### WHAT TO PRODUCE:
In the data below, find the line with "LECCIÓN DE AUGUST BULLYING" and the line with "twisted-oaks-associate-wedding0001.jpg", then restate both and every line between them exactly, minus the pictures.

DATASET: Begin

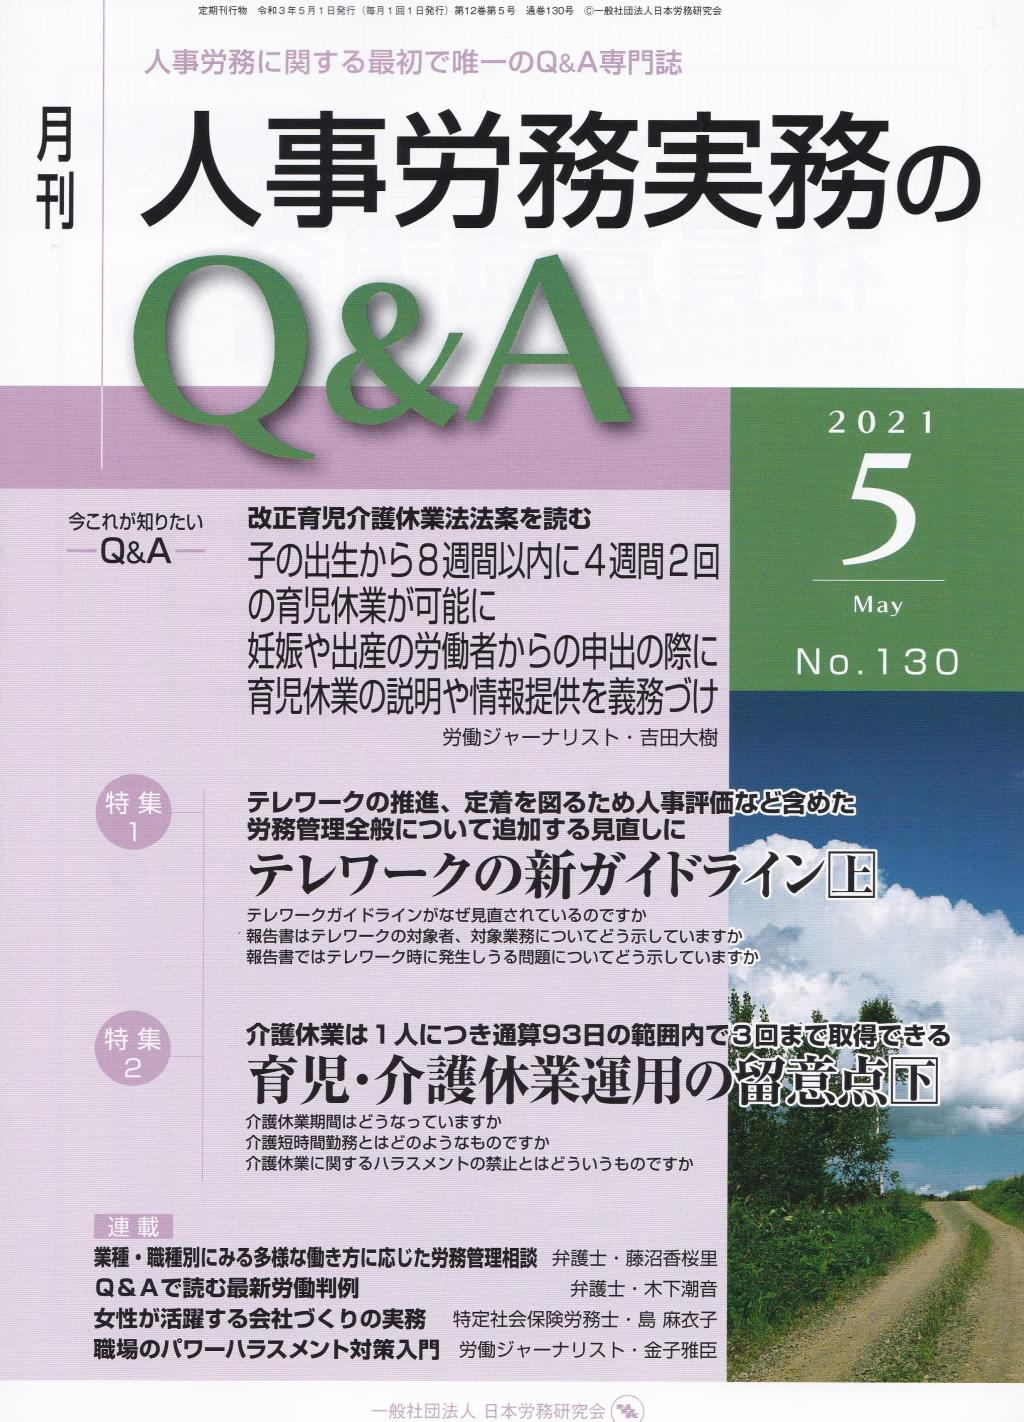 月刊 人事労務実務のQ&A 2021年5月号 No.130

DATASET: End
DATASET: Begin

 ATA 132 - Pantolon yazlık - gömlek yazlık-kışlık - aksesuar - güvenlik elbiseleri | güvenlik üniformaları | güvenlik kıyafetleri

DATASET: End
DATASET: Begin

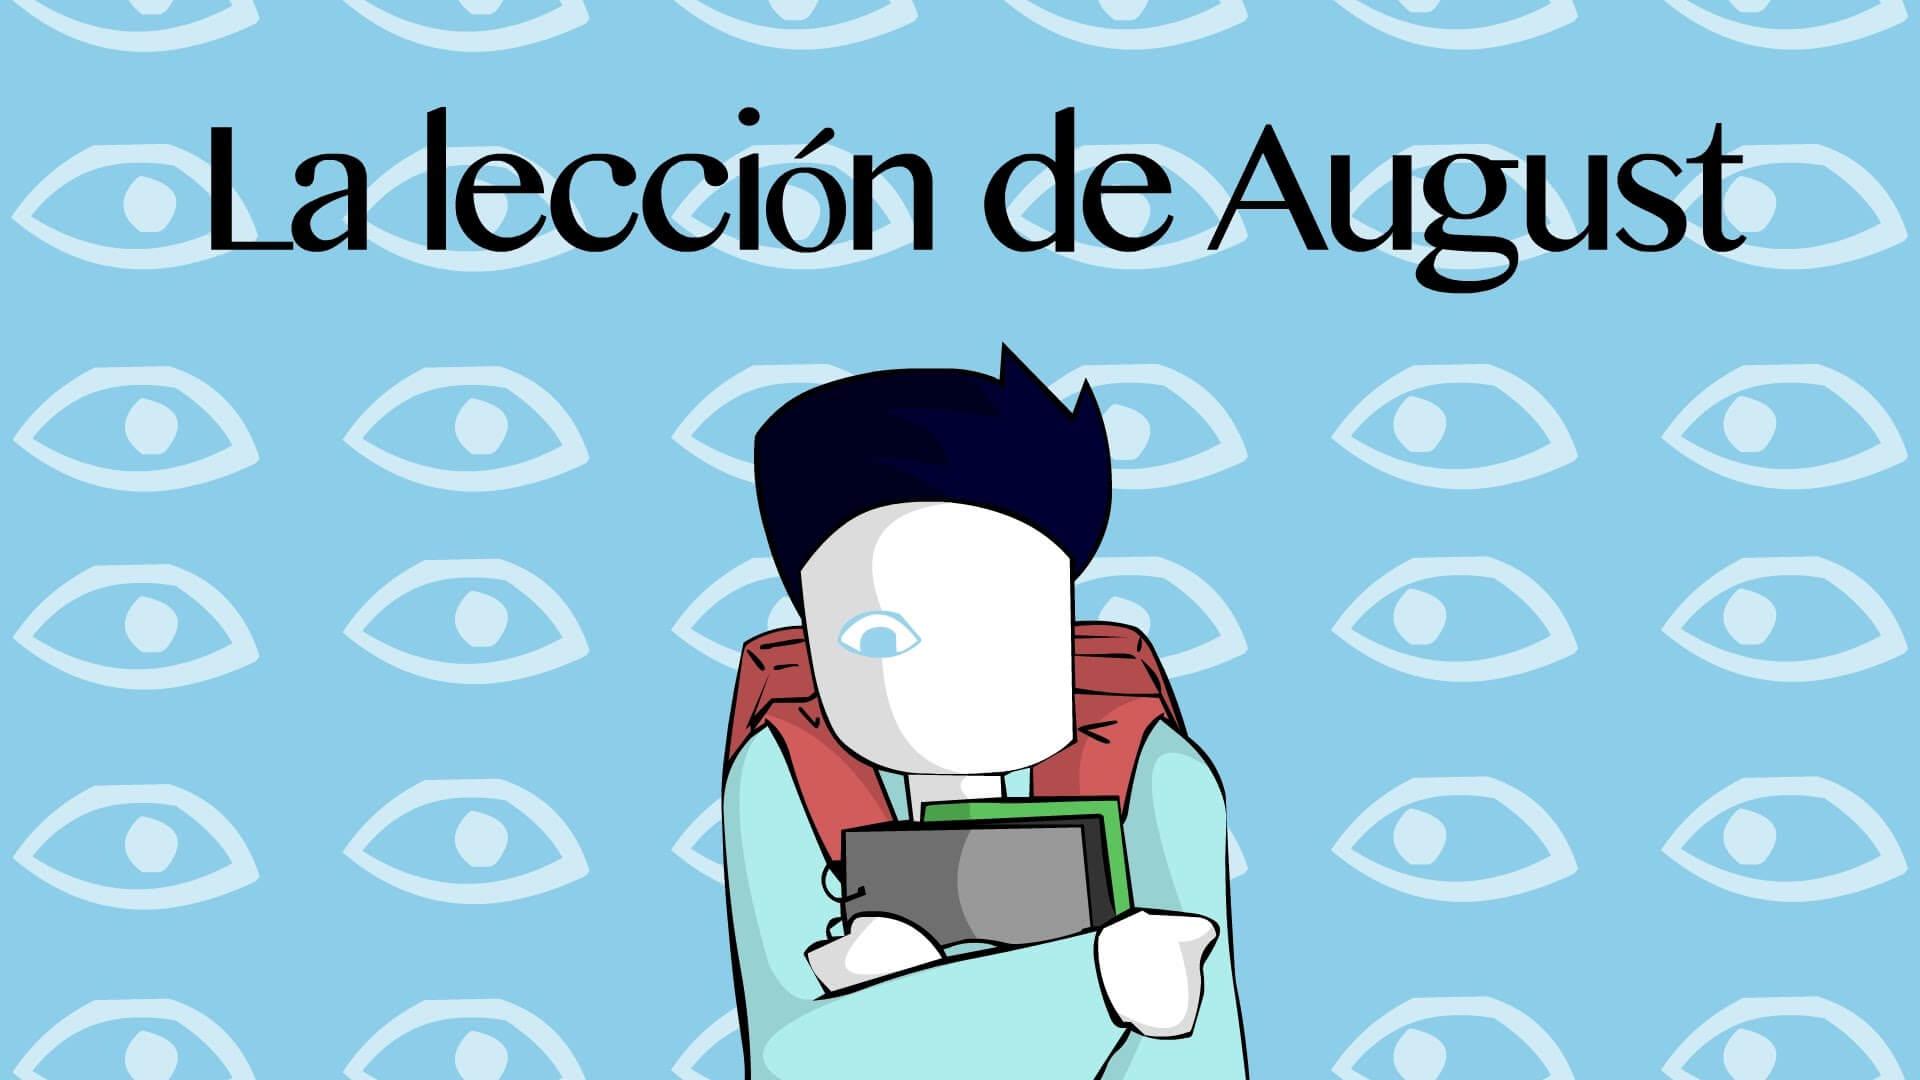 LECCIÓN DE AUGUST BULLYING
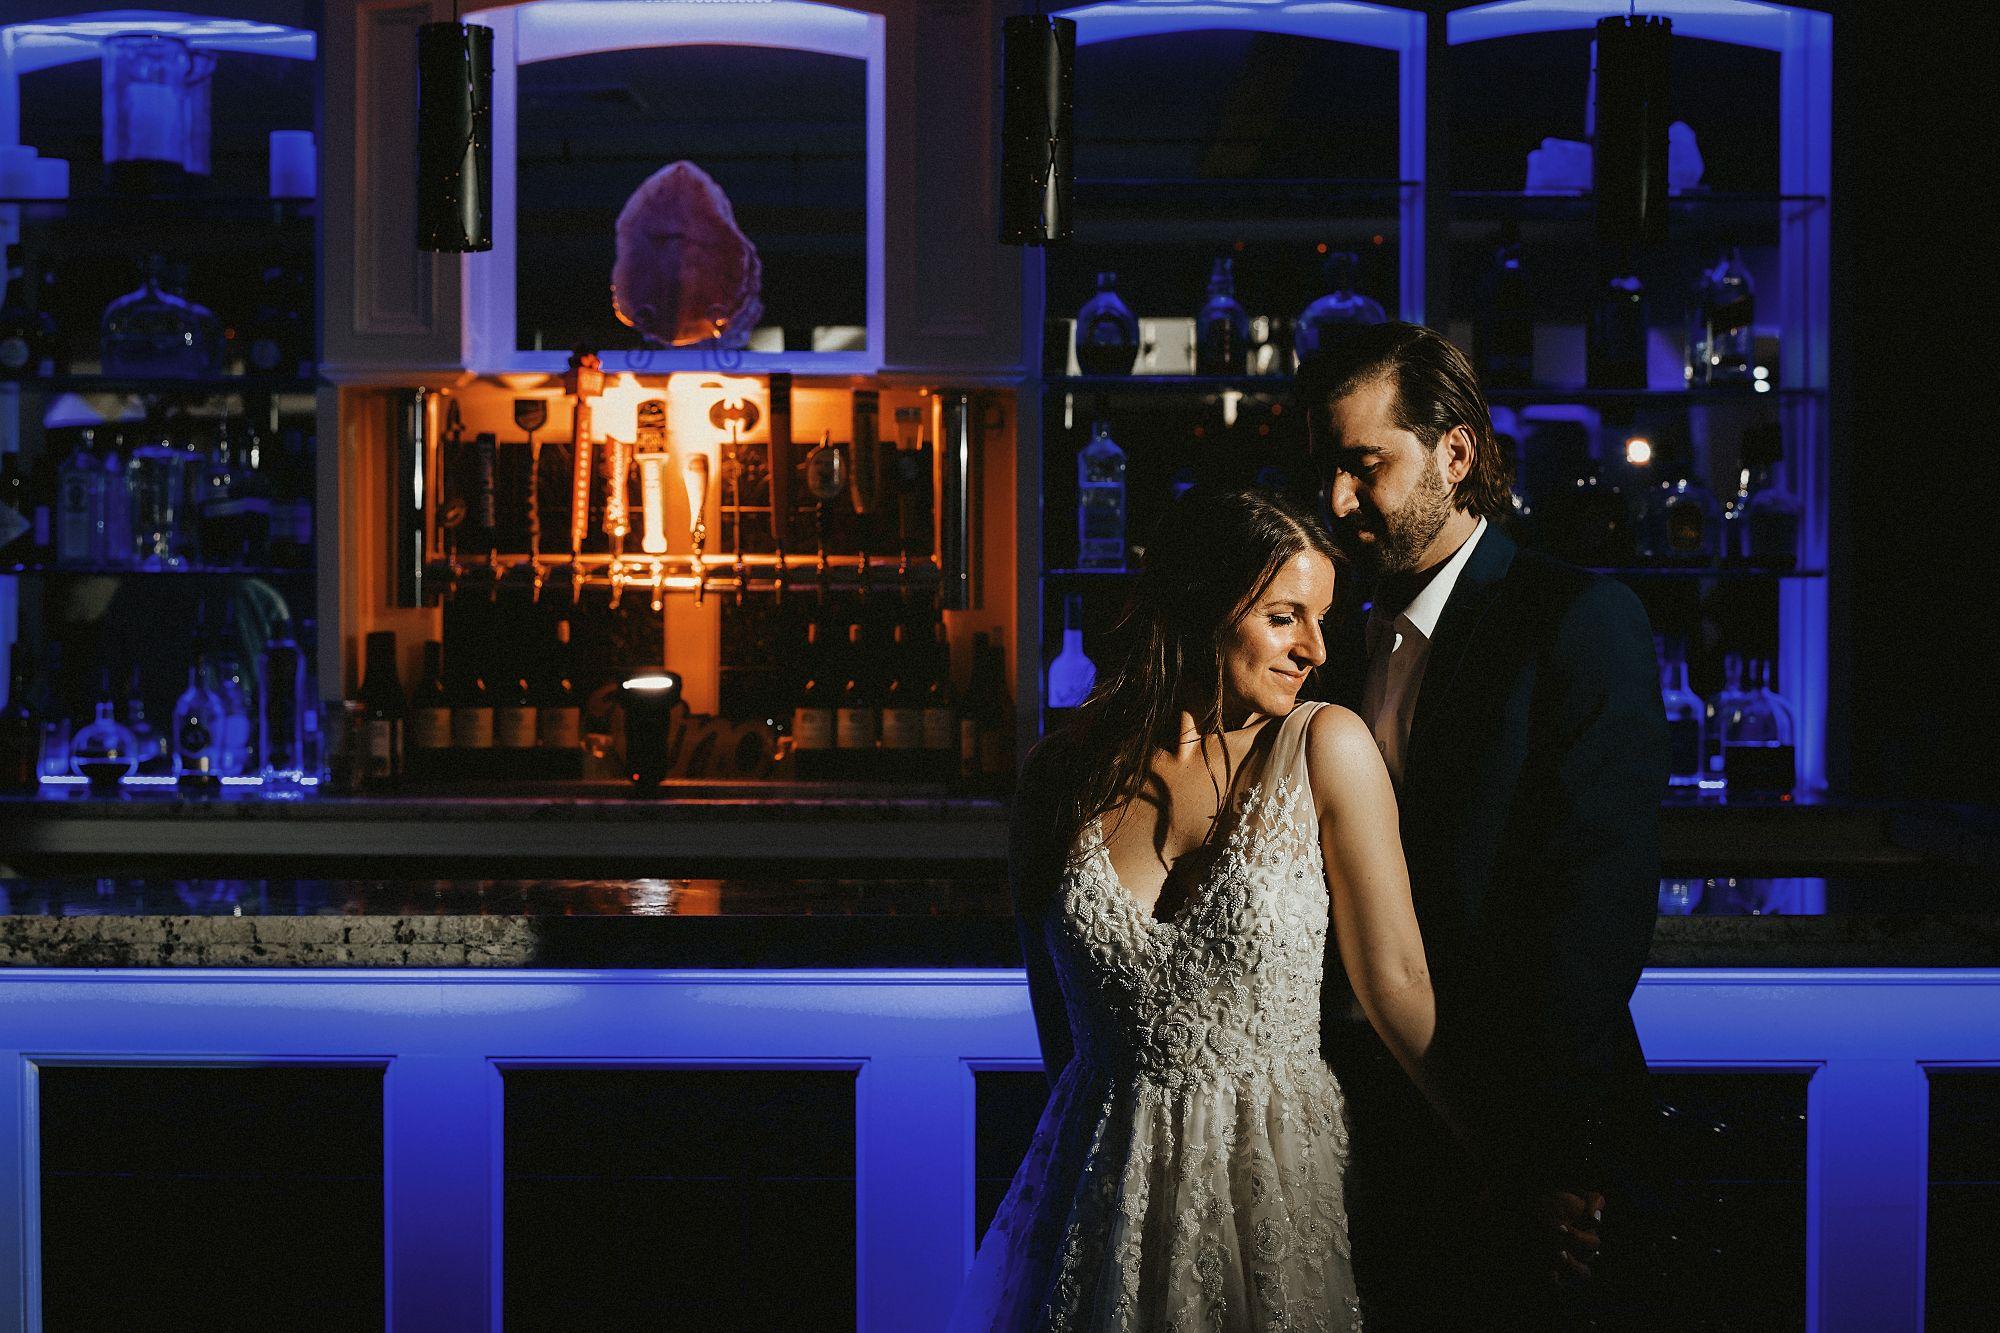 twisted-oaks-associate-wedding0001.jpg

DATASET: End

### RESULT OF THIS EXERCISE:
 LECCIÓN DE AUGUST BULLYING
 twisted-oaks-associate-wedding0001.jpg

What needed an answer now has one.